◆ AIM OF THE EXERCISE
Restate all data exactly. No images.

◆ AVAILABLE DATA
★ ★ ★ ★

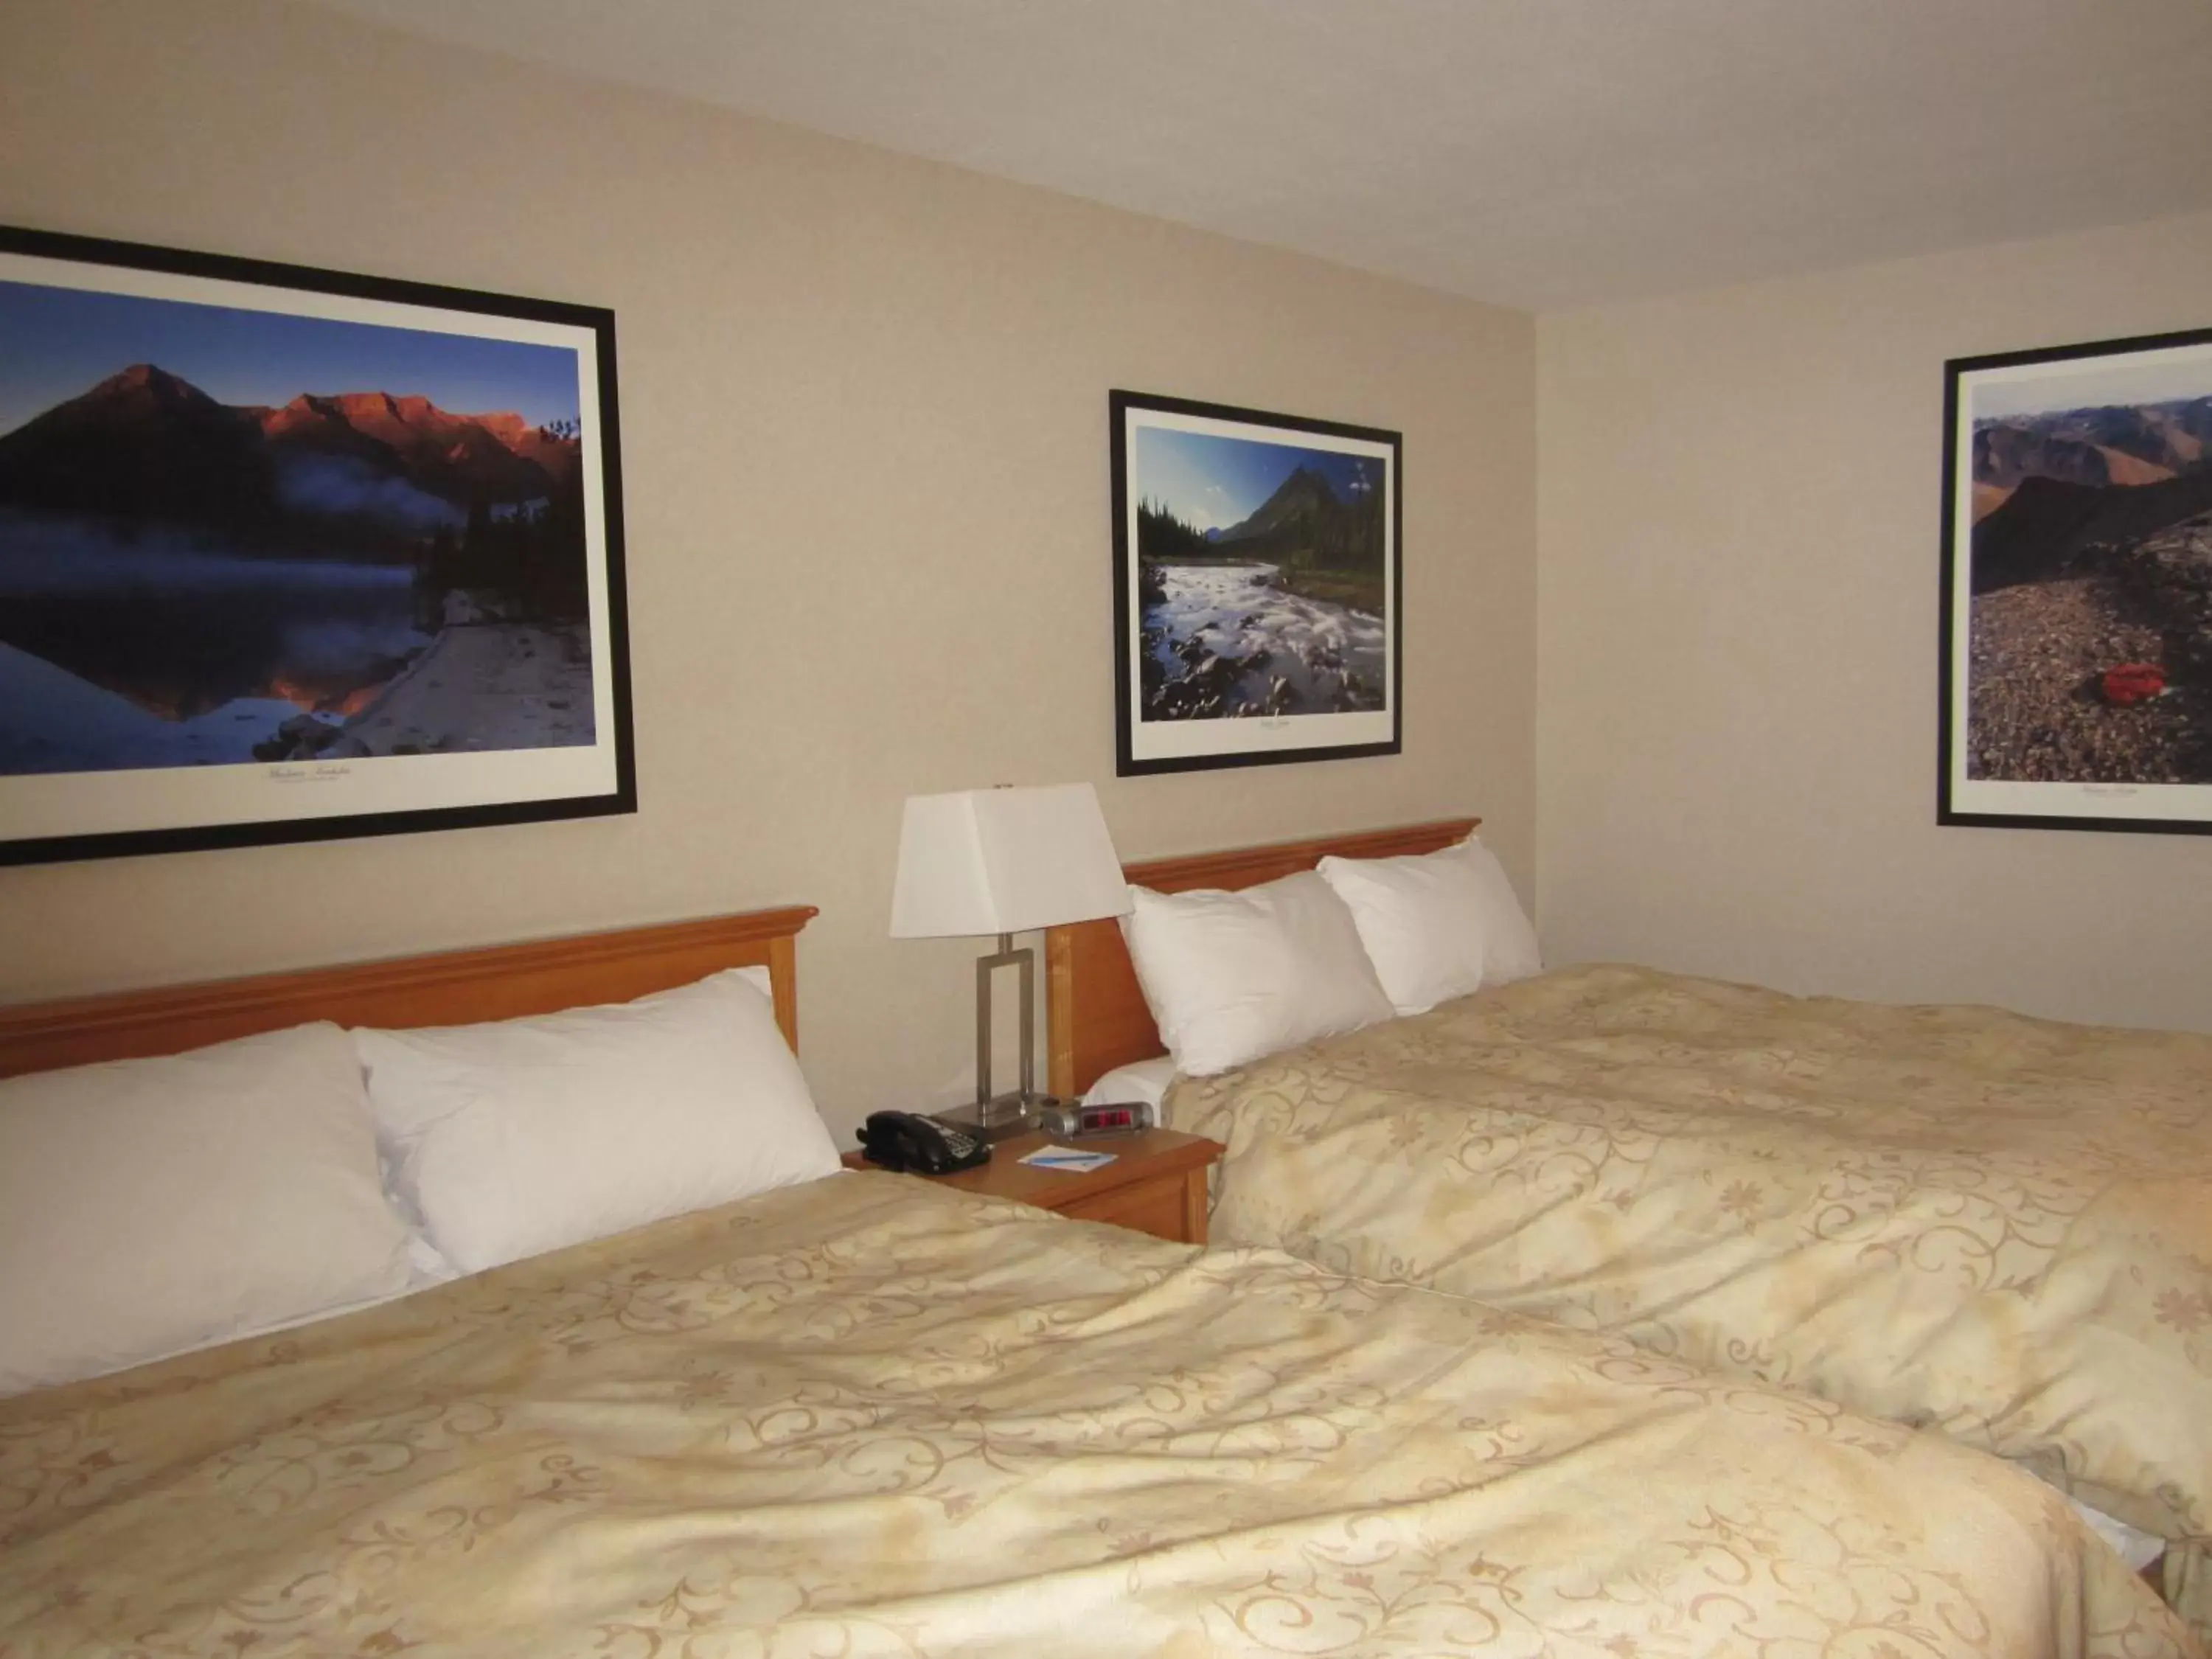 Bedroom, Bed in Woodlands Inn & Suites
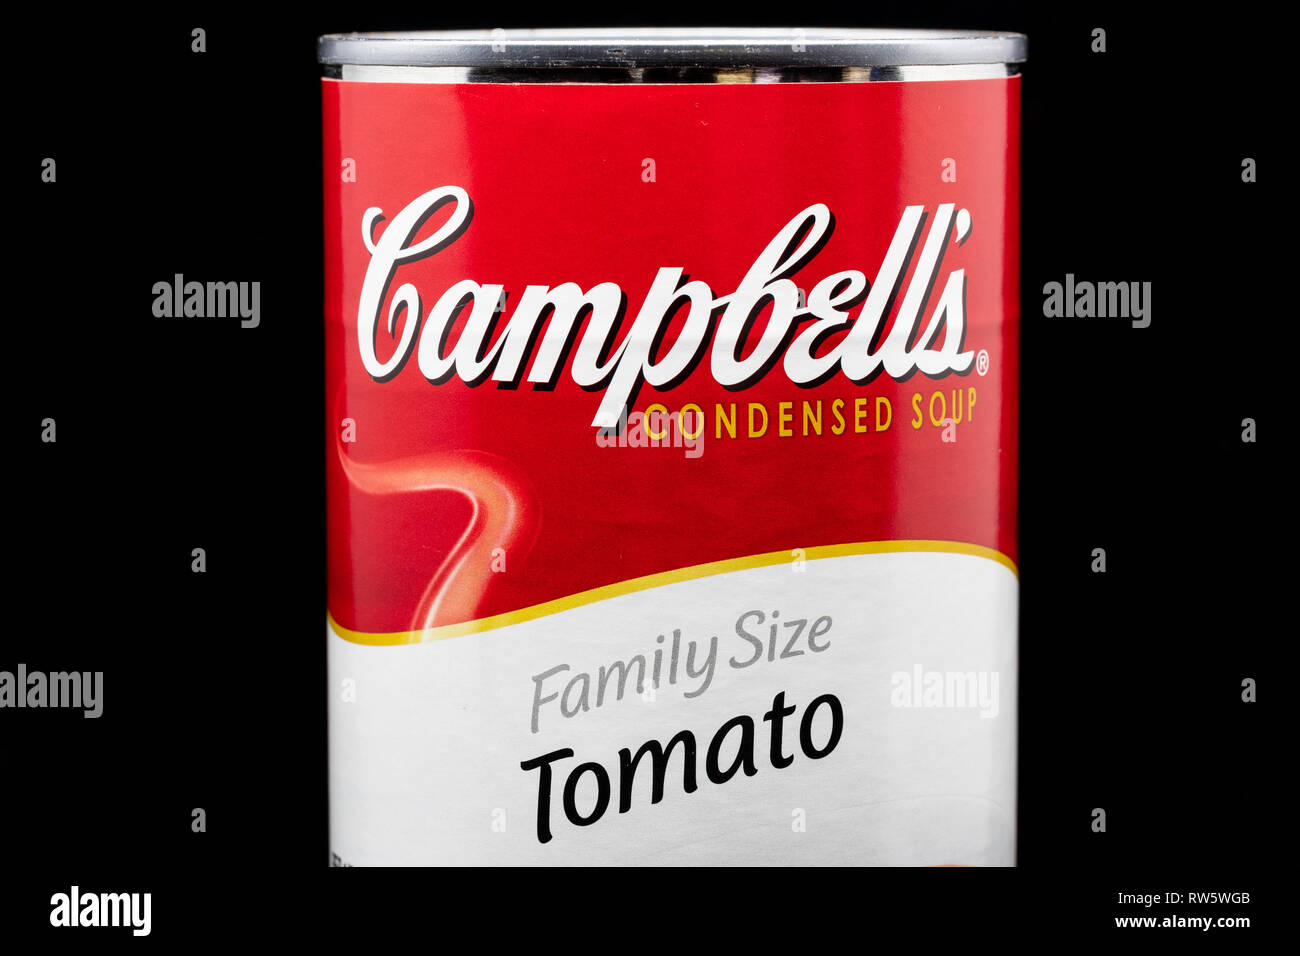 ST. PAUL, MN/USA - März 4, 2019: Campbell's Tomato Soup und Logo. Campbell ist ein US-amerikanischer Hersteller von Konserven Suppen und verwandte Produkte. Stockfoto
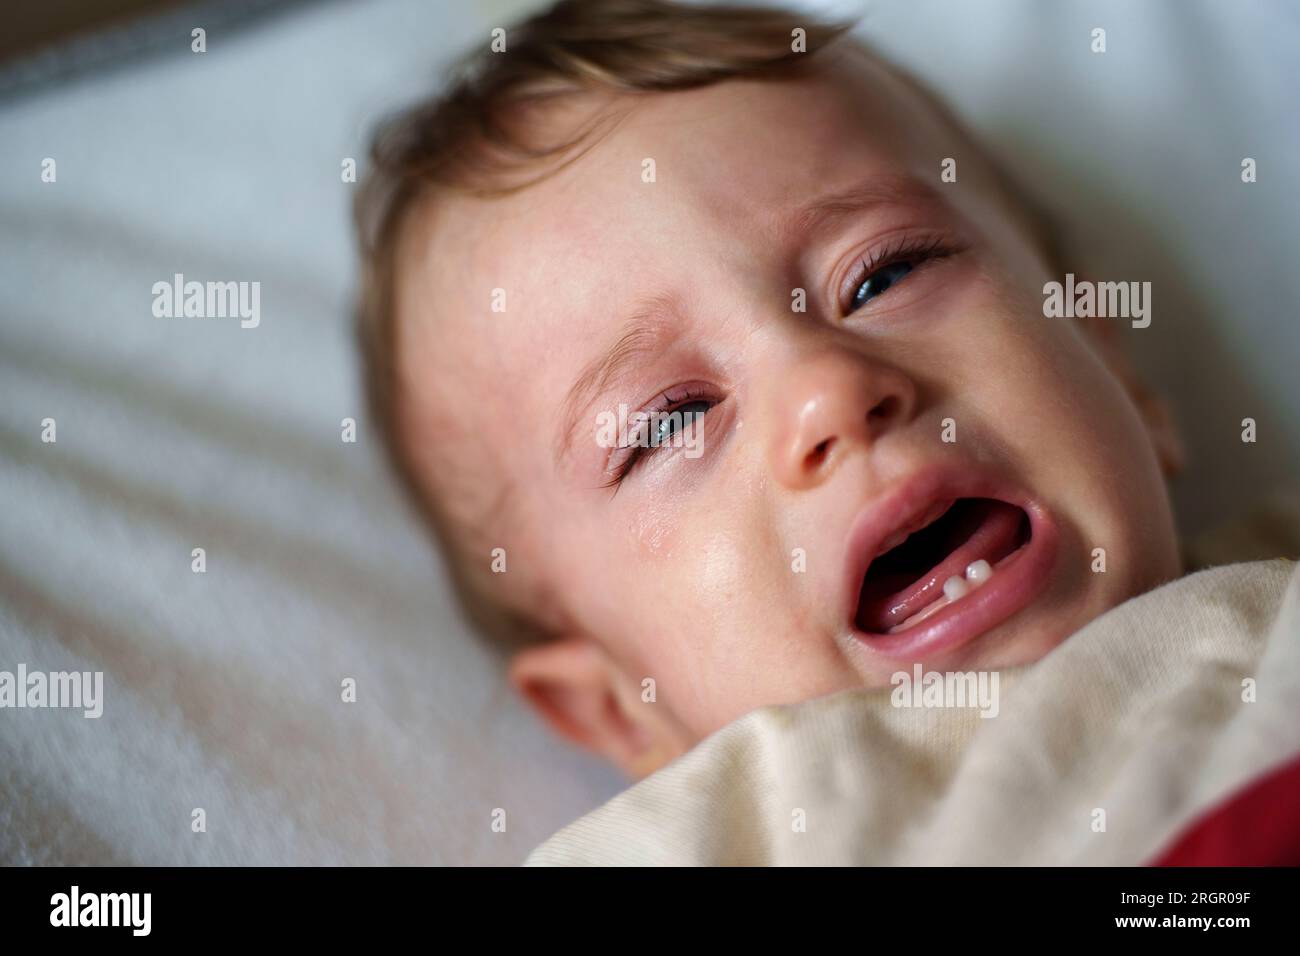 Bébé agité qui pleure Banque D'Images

★ ★ ★ ★

◆ SOLUTION TO THIS EXERCISE
 Bedroom, Bed in Woodlands Inn & Suites
 ST. PAUL, MN/USA - März 4, 2019: Campbell's Tomato Soup und Logo. Campbell ist ein US-amerikanischer Hersteller von Konserven Suppen und verwandte Produkte. Stockfoto
 Bébé agité qui pleure Banque D'Images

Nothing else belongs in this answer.